Each chapter begins with a quote. The book divides his reflections, key lessons he has learned and advice or how to apply it for others. The beginning is interspersed with excerpts from his mother’s blog during a time for when his recollection or recall may not be as vivid. It is definitely interesting to read his thoughts now on what his mother said then. At end of each chapter he provides questions for individuals with a disability to think about what they have read and apply to their own circumstances, as well as questions for parents and caregivers.
The central theme of the book is finding something that gives you affirmation and confidence in who you are.

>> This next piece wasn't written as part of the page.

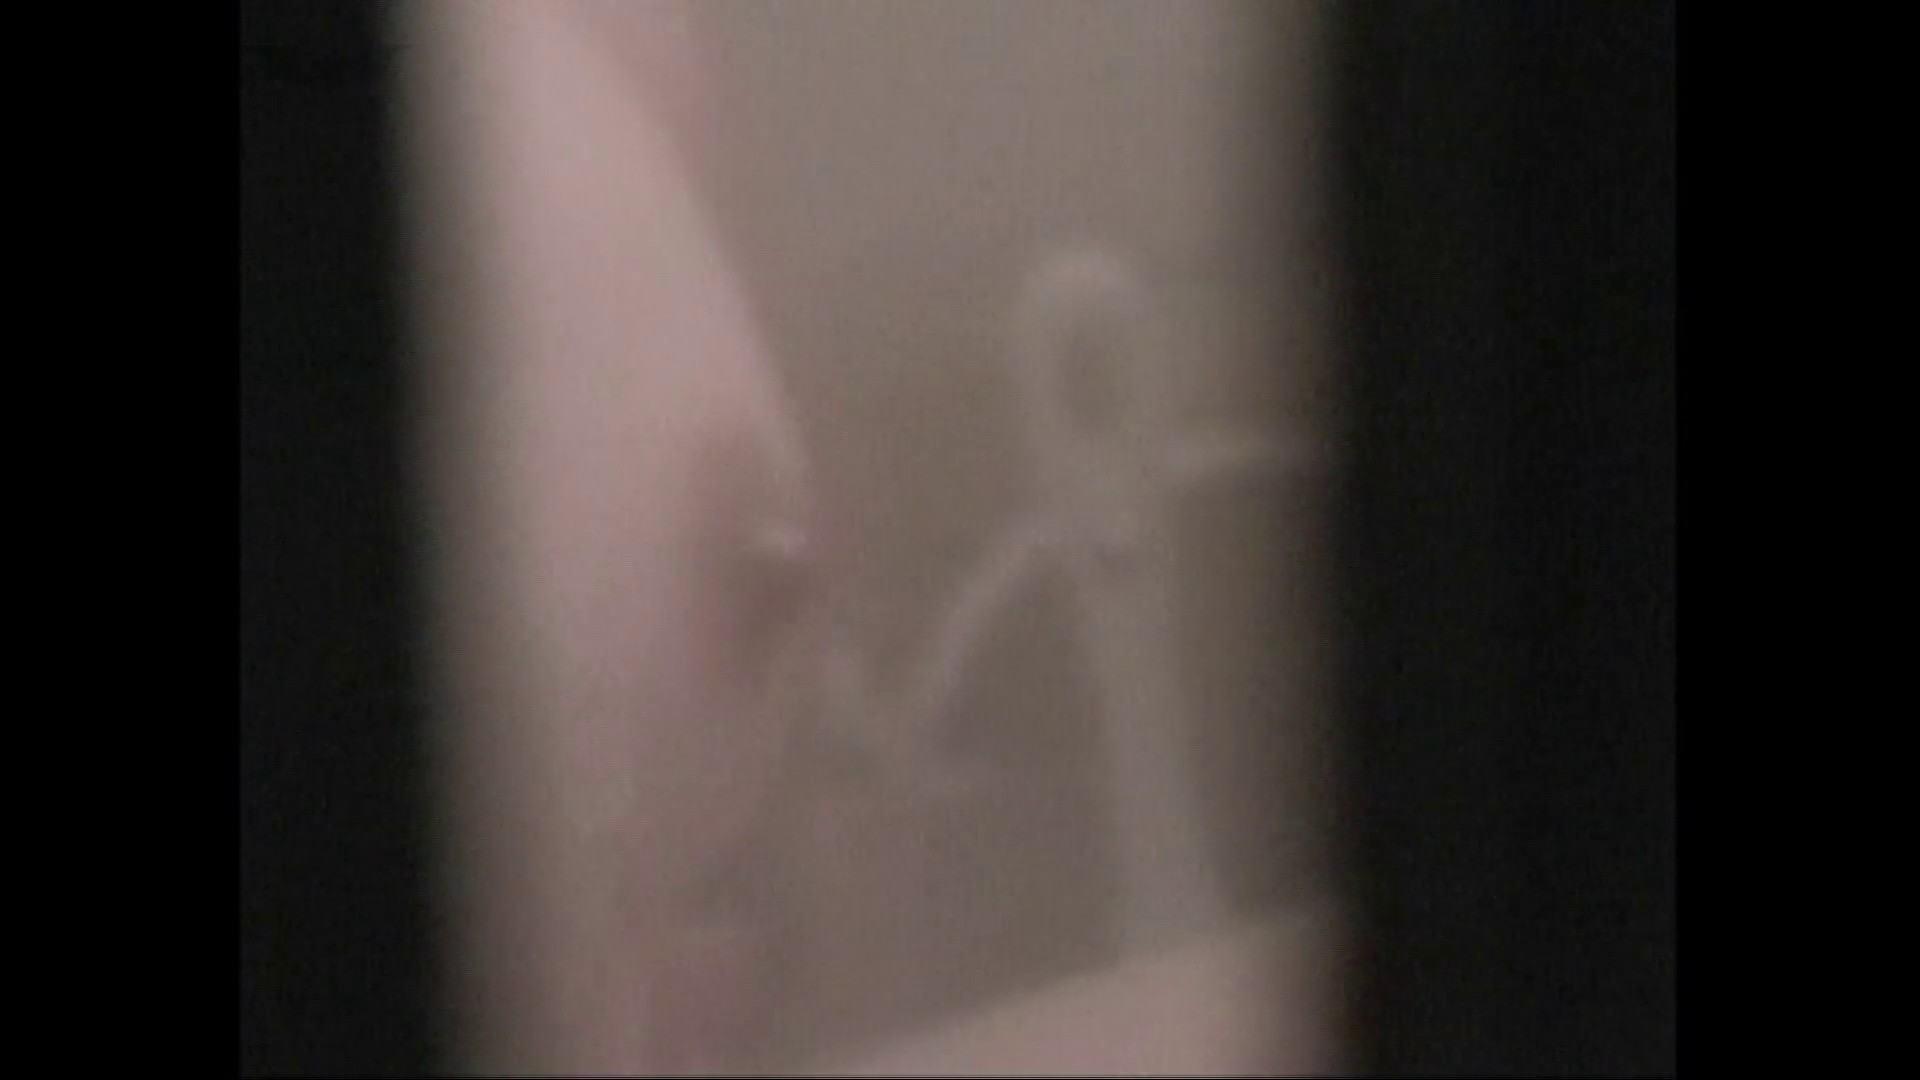 隙間からノゾク風呂 Vol.28 色白のロングヘアー美人がワシャワシャと。 美人  104pic 91
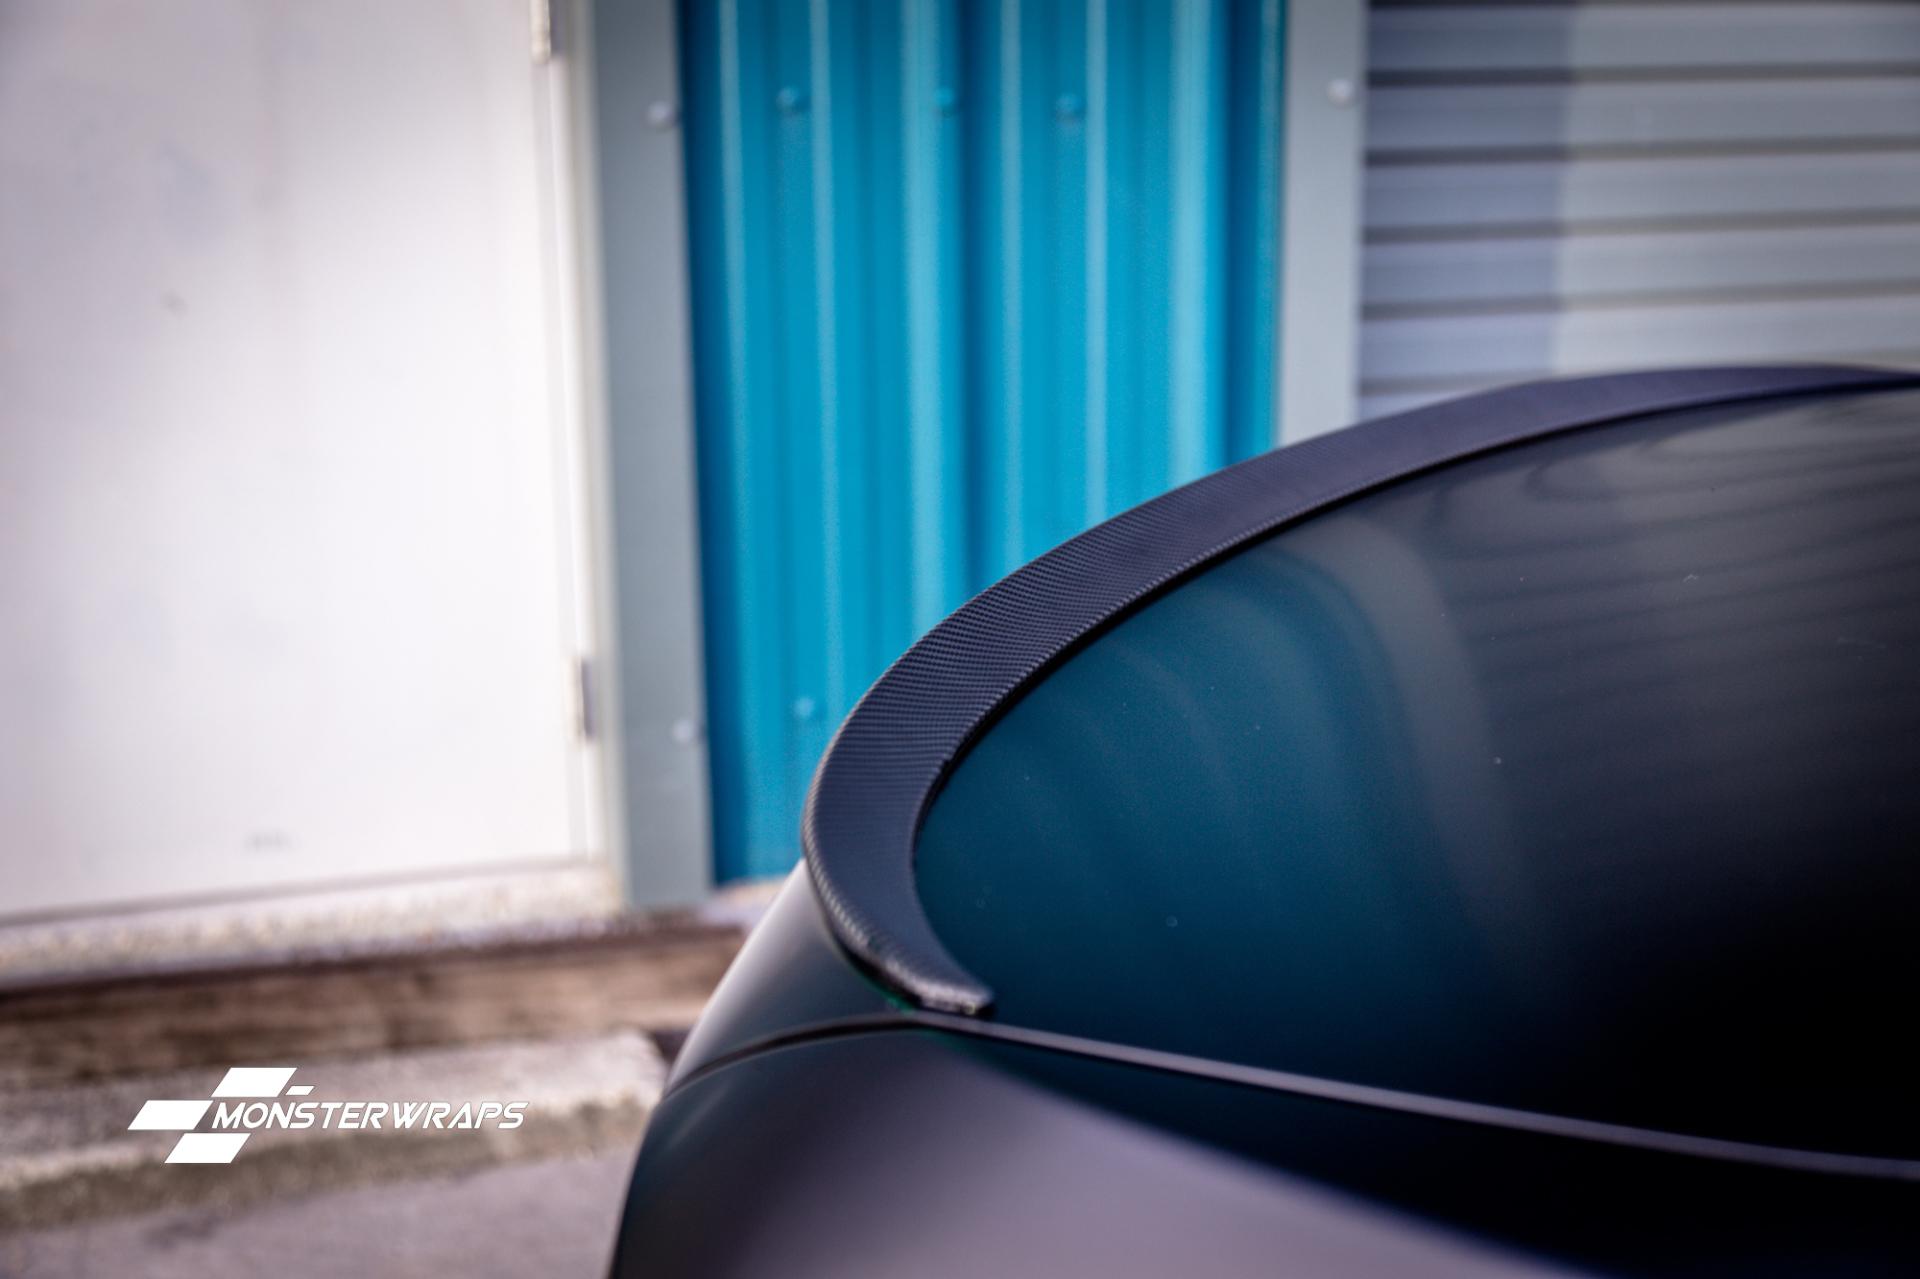 BMW 3 Series e90 Satin black wrap monsterwraps southampton

Kenny is very candid and shares personal struggles he has had with others, his family and within himself. His vulnerability in opening up will provide acknowledgement for others with disabilities that there can be a way, like him, to find affirmation of who you are and your inherent worth. He does acknowledge that every individual is unique, as are their circumstances, so he understands that not everyone will have the same path or opportunities, but he hopes that by sharing his journey it will help others in their own. Individuals with FASD have been told for so long what they can’t do, or because of the ‘invisibility’ of the disability or scattered profile, the expectations on them are unrealistic. Kenny wants to help individuals to accept the disability but not let it stop them from discovering who they can be.
A strong message in the book is interdependence. He encourages individuals to seek out and accept help. And when you struggle to grab hold of hope, he tells us to lean on the hope of others.
What I like about the book (besides the obvious glimpse into his world) is he does have a realistic view of life. He says, “Too often we are told that the only limits in life are those that we place on ourselves. We are sold the message that we can do anything if we put in the work. Well, I can’t work harder and overcome my disabilities, and this false message only makes me feel like I am either not working hard enough or that there is something wrong with me. We all have limits and that is okay. Know your limits and hone your skills. We can’t work against our brains or disabilities, but we can work with them and around them. There is no overcoming, but small progress made here and there can make all the difference.”
The book is only 135 pages and divided into 12 chapters, so it is not overwhelming. Kenny is 23 years old so his life experience will be relatable to older teens and young adults. I have left it for my daughter to read, so when she does I will update this post with her thoughts.
I definitely recommend Its OK To Be You. It gives a glimpse into the life of one individual with FASD and provides some concrete ideas, tools and ideas to consider – whether they have FASD, another disability or not. He has appeared on a couple podcasts and is an engaging young man. If you are interested in hearing from him, check out: Episode 146 FASD Hope Podcast and Episode 127 The FASD Success Show.